*Your instructions*
The copy should hold exactly the lines below from the one that contains "Michelle Exploring Beneath" through the one that contains "Carrelage Bleu Blanc" and nothing else, so no pictures.

*Records for this exercise*
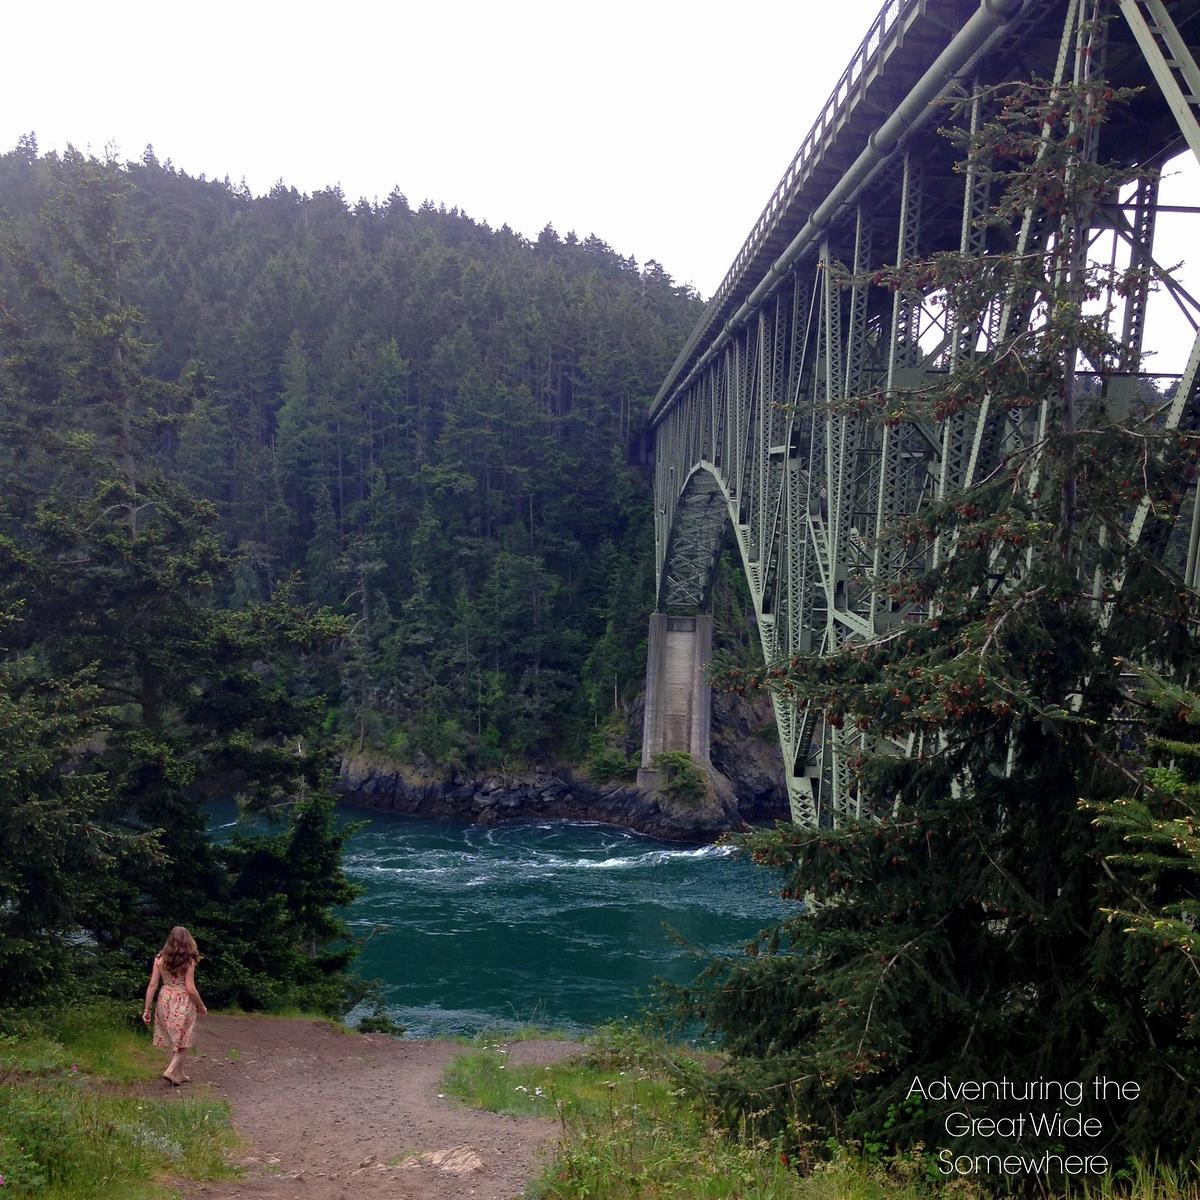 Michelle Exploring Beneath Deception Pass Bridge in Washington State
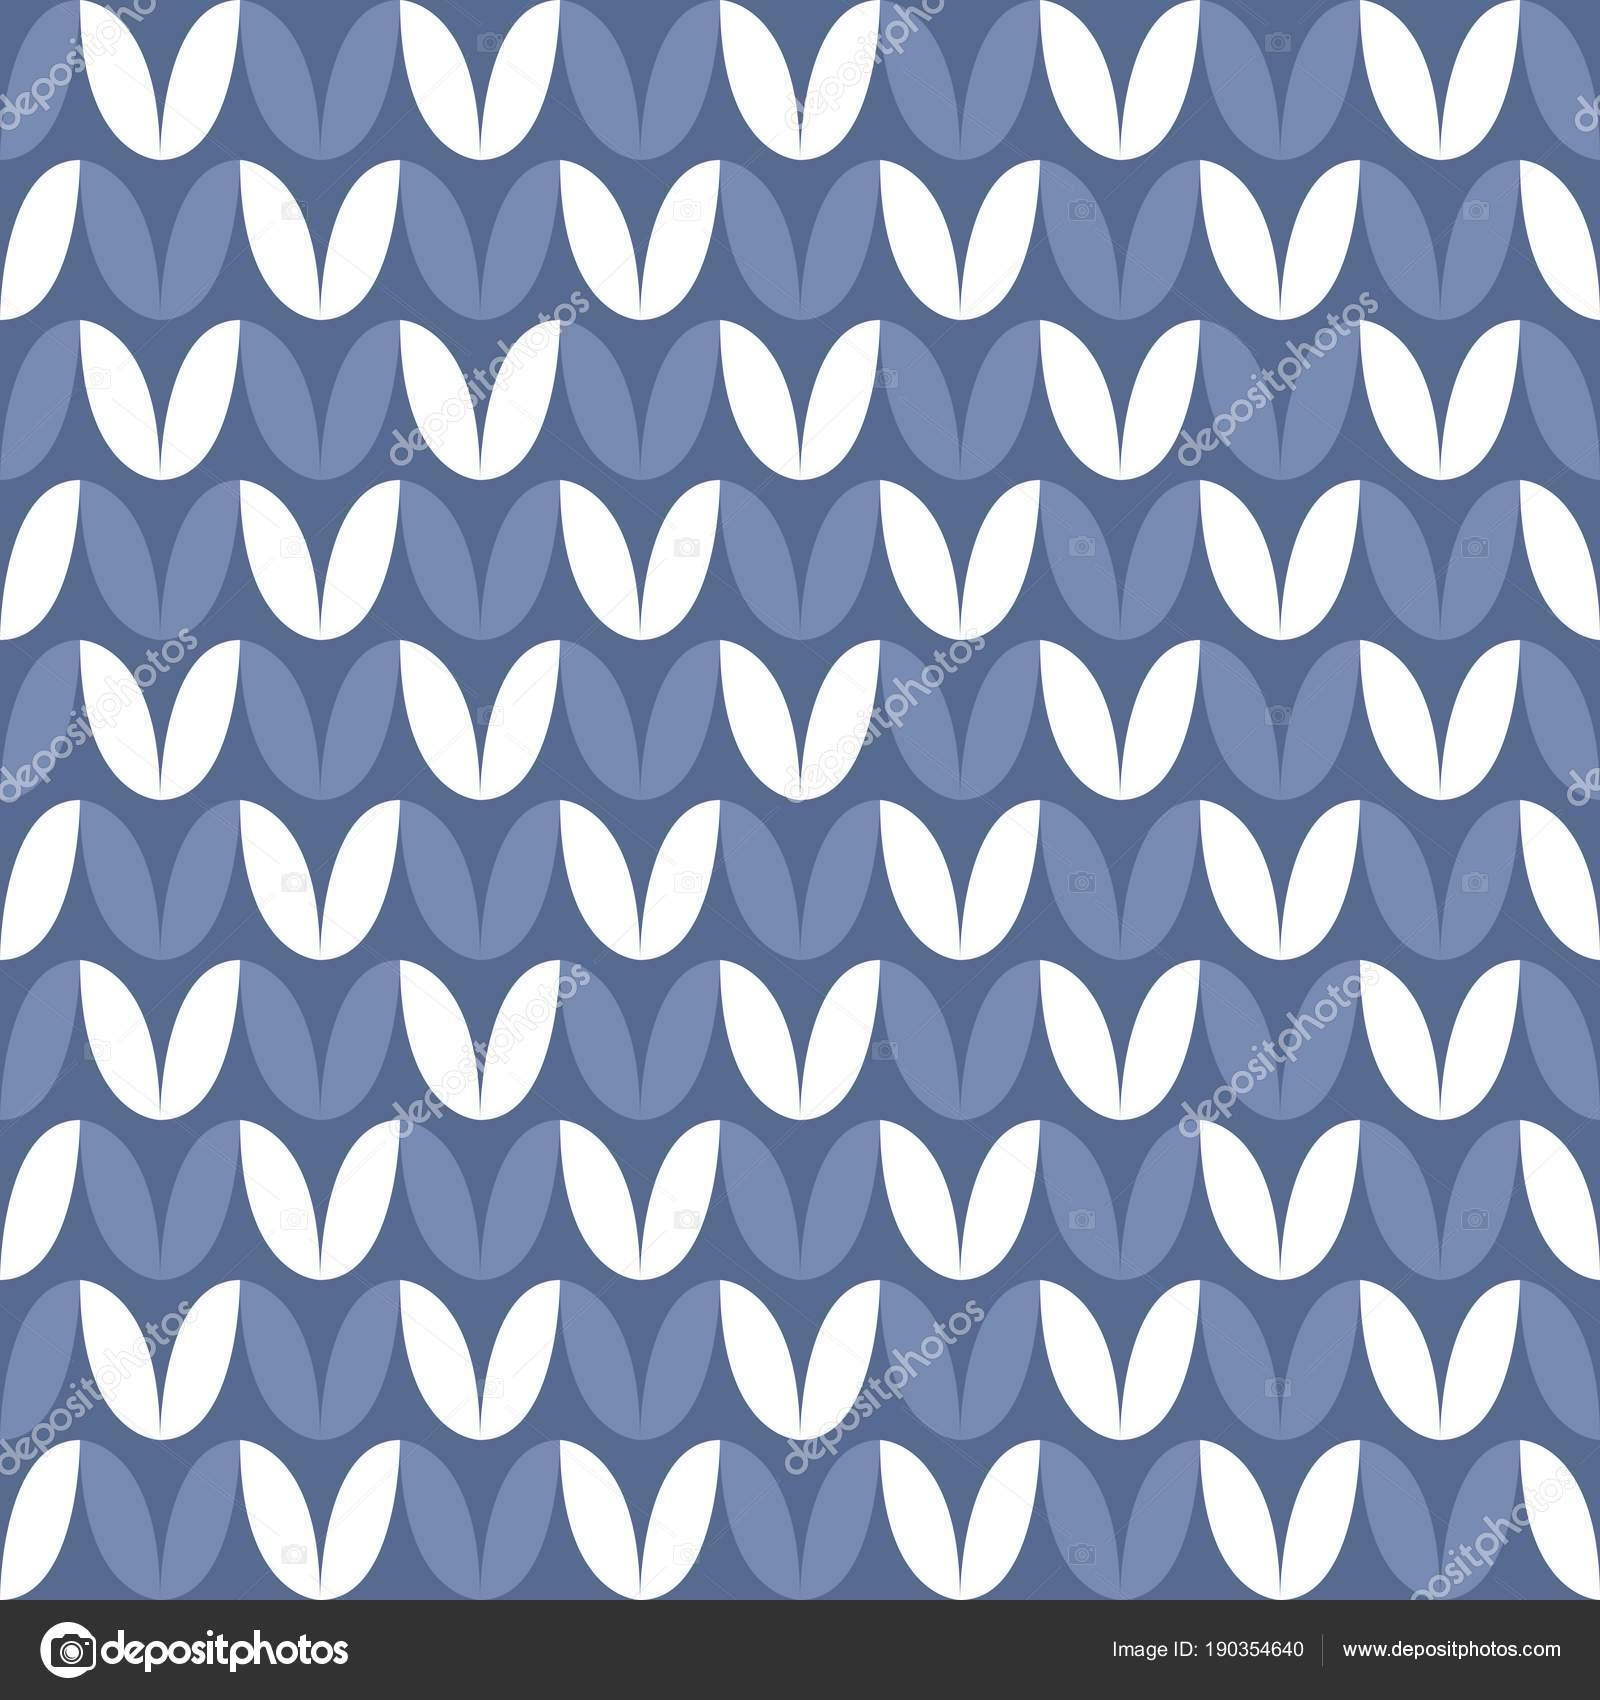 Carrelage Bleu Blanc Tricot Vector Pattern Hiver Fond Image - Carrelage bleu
* * *
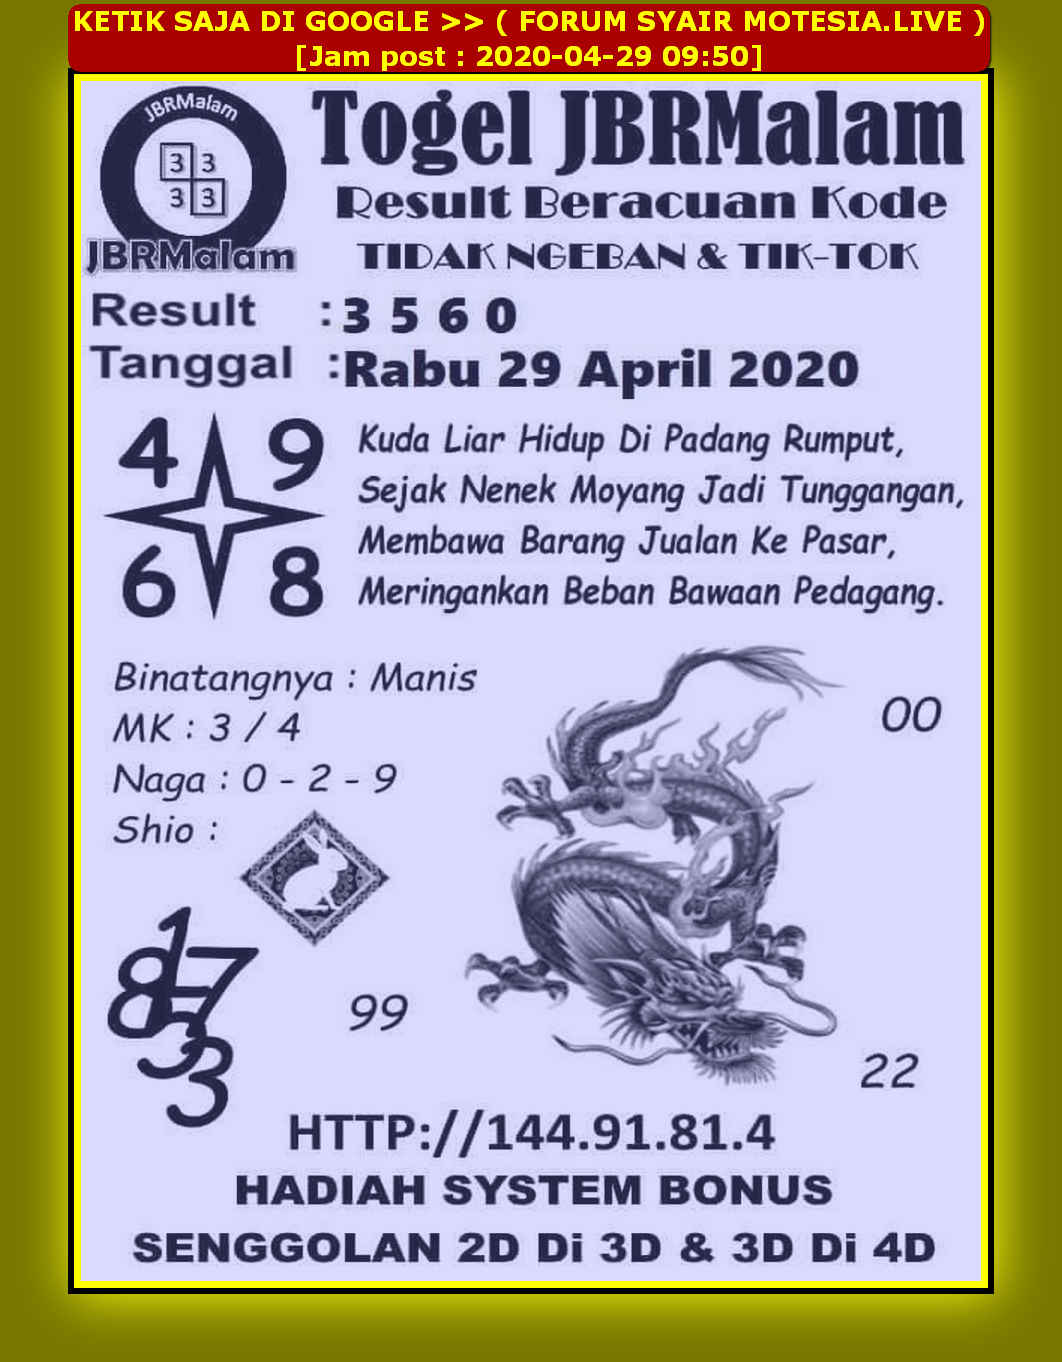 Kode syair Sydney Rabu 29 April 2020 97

*Output*
 Michelle Exploring Beneath Deception Pass Bridge in Washington State
 Carrelage Bleu Blanc Tricot Vector Pattern Hiver Fond Image - Carrelage bleu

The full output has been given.